Sasha will share a practice she calls a “virtue inquiry” that she often guides her approach to end-of-life conversations. A virtue inquiry is an inquiry a counsellor undertakes with a person or persons that listens for and researches virtues that are valued by the person or persons the counsellor is meeting with.  Virtue inquires draw on ideas and practices developed by David Epston including “getting to know the person ahead of the problem”, “researching moral character” and “wonderfulness inquiries” with children (see Epston, 2004; Epston & Marsden, 2010; Marsden, Epston & Markham, 2016). They also build from a paper by Eve Lipchik (1988) called “Interviewing with a constructive ear” that had an influence on my early practice. Virtue inquiries take place with adults or young adults and so flow differently from “wonderfulness inquiries” (see chapter 2 in Marsten, Epston & Markham, 2016).
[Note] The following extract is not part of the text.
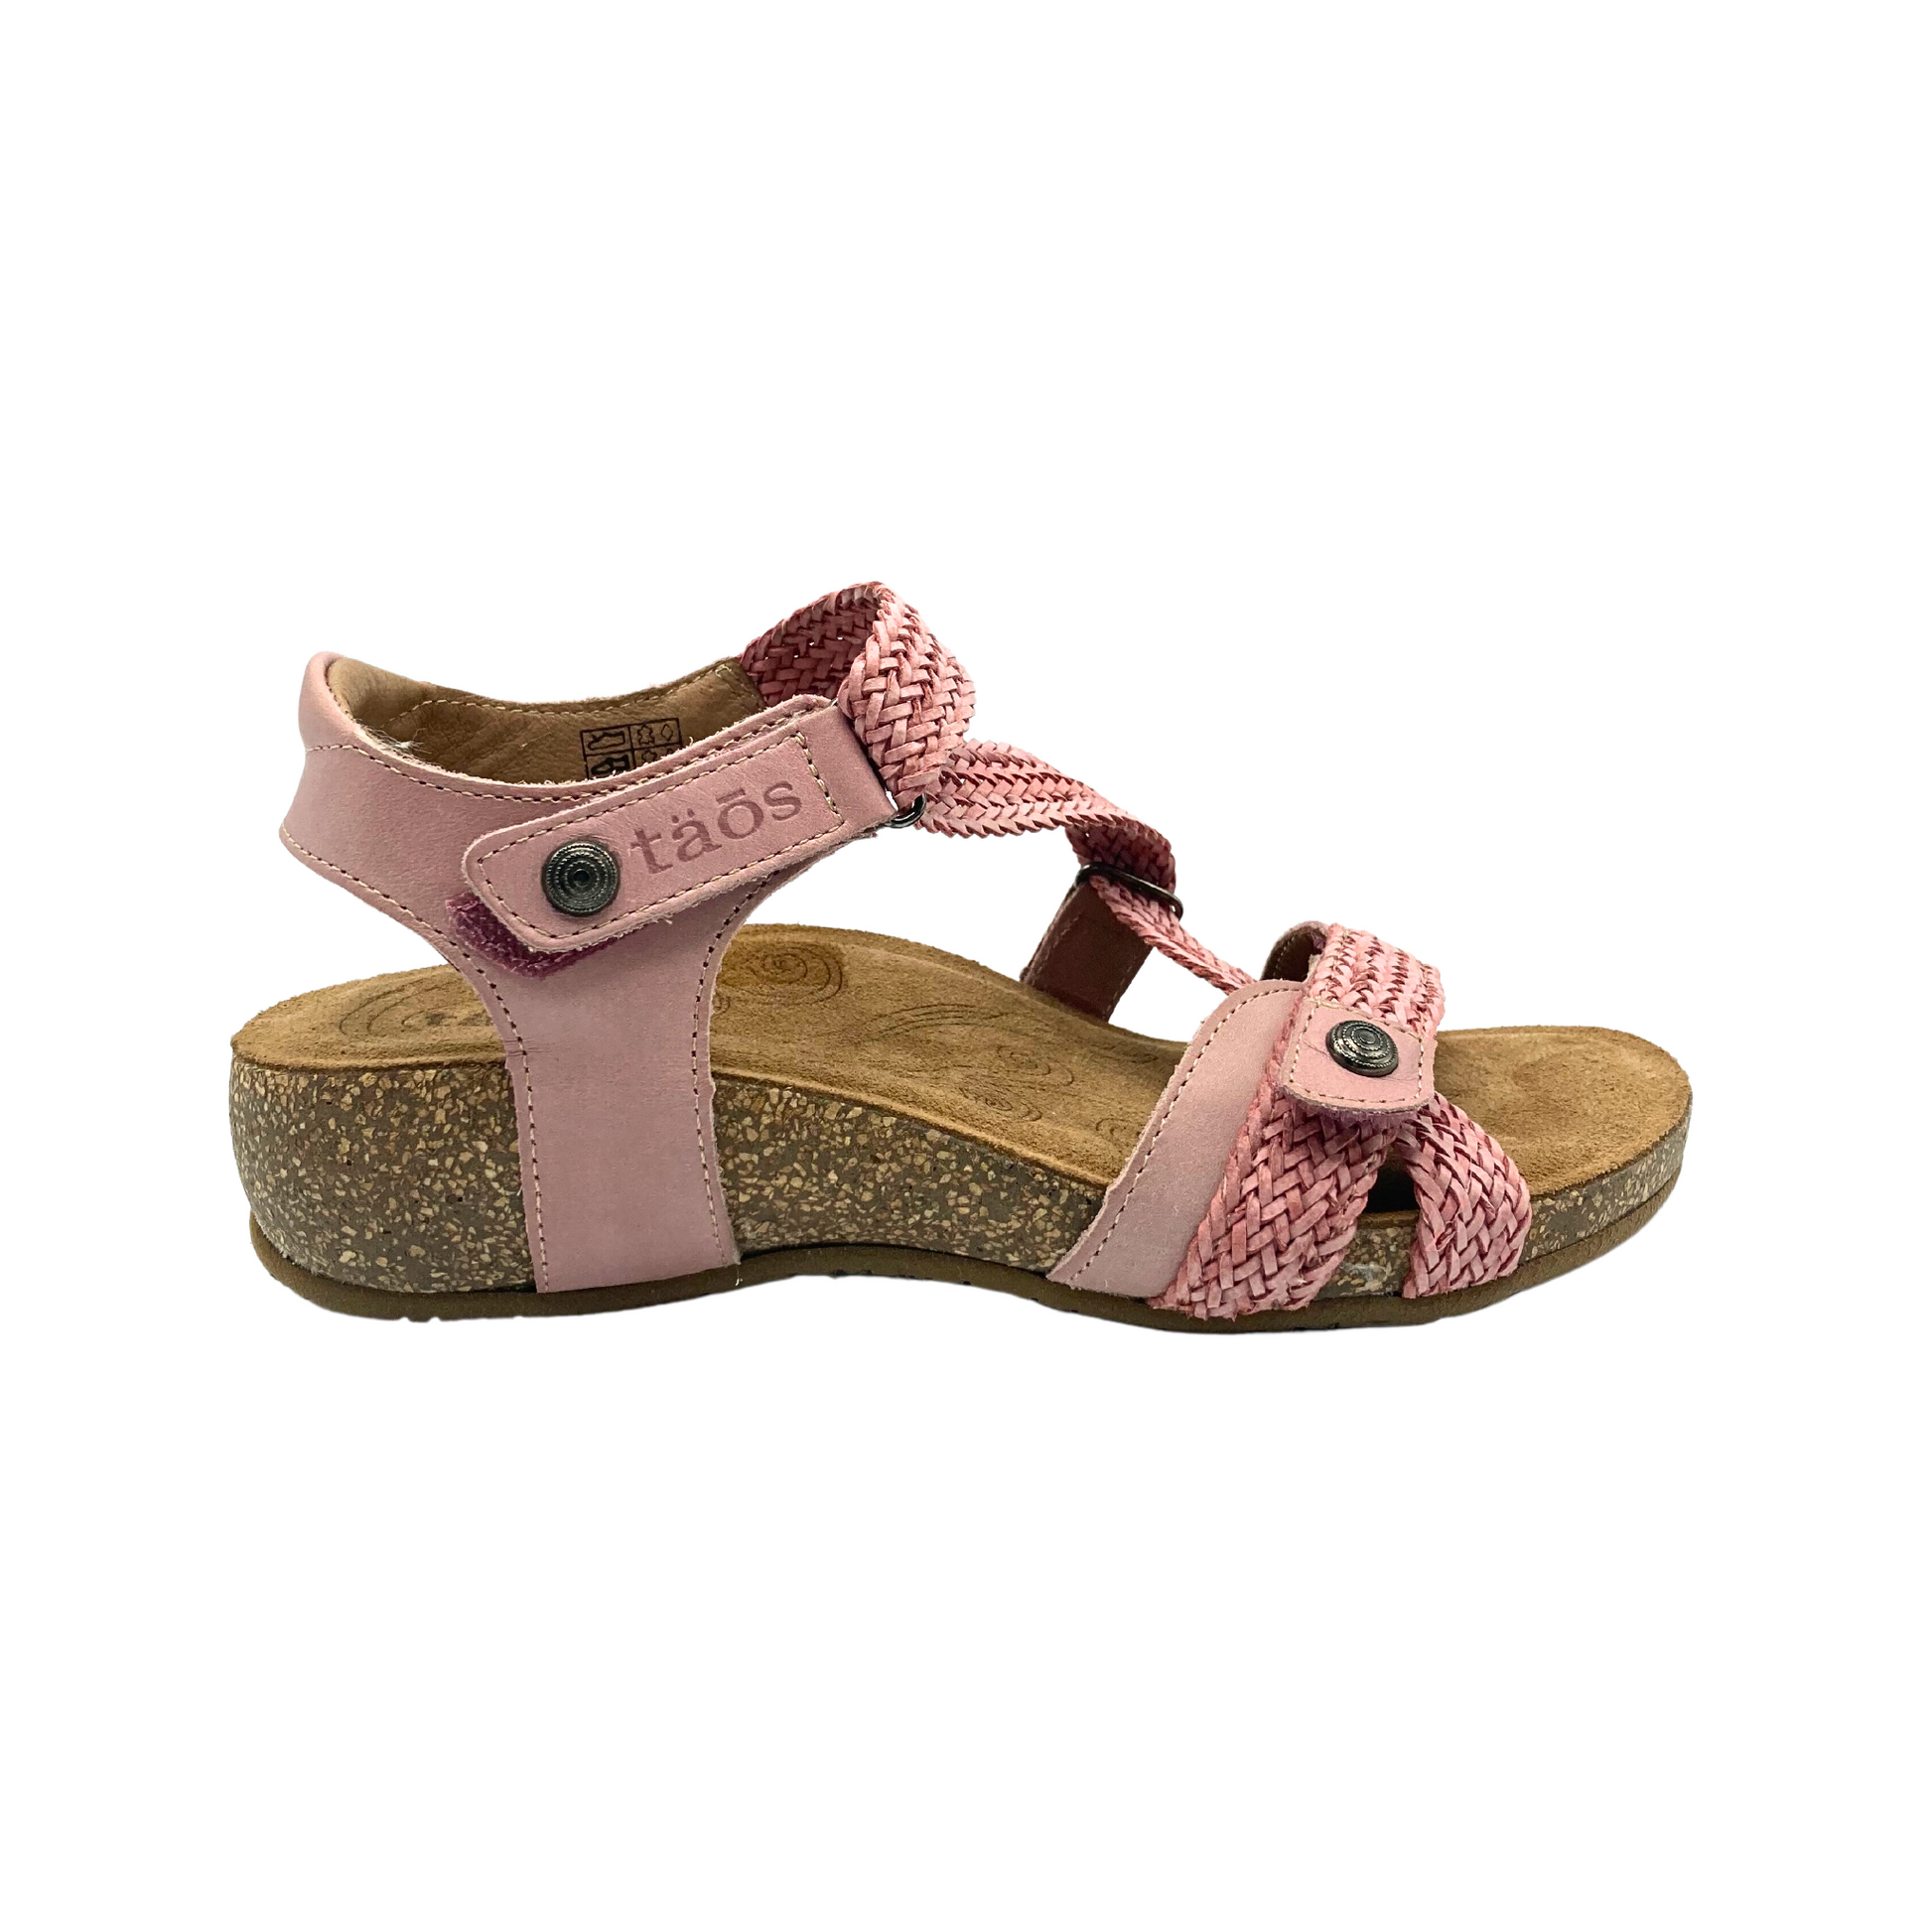 Outside view of right shoe.  Taos Trulie offers adjustable straps at forefoot and ankle.

Somatic therapies and a resurgence of interest in affect are two significant trends in recent times. These movements invite narrative-oriented practitioners to pause and unpack what claims are being made and their implications. In exploring challenges and possibilities, we will consider the dialogical features, affective tones, emotional depictions and embodied expressions of re-membering practices. We will focus on a notion of relational fields in instituting new forms of everyday living. Especially we will give attention to expanding relational fields of kindness when tyrannical and devaluing voices seek to usurp a person’s voice and erase their knowing about their achievements.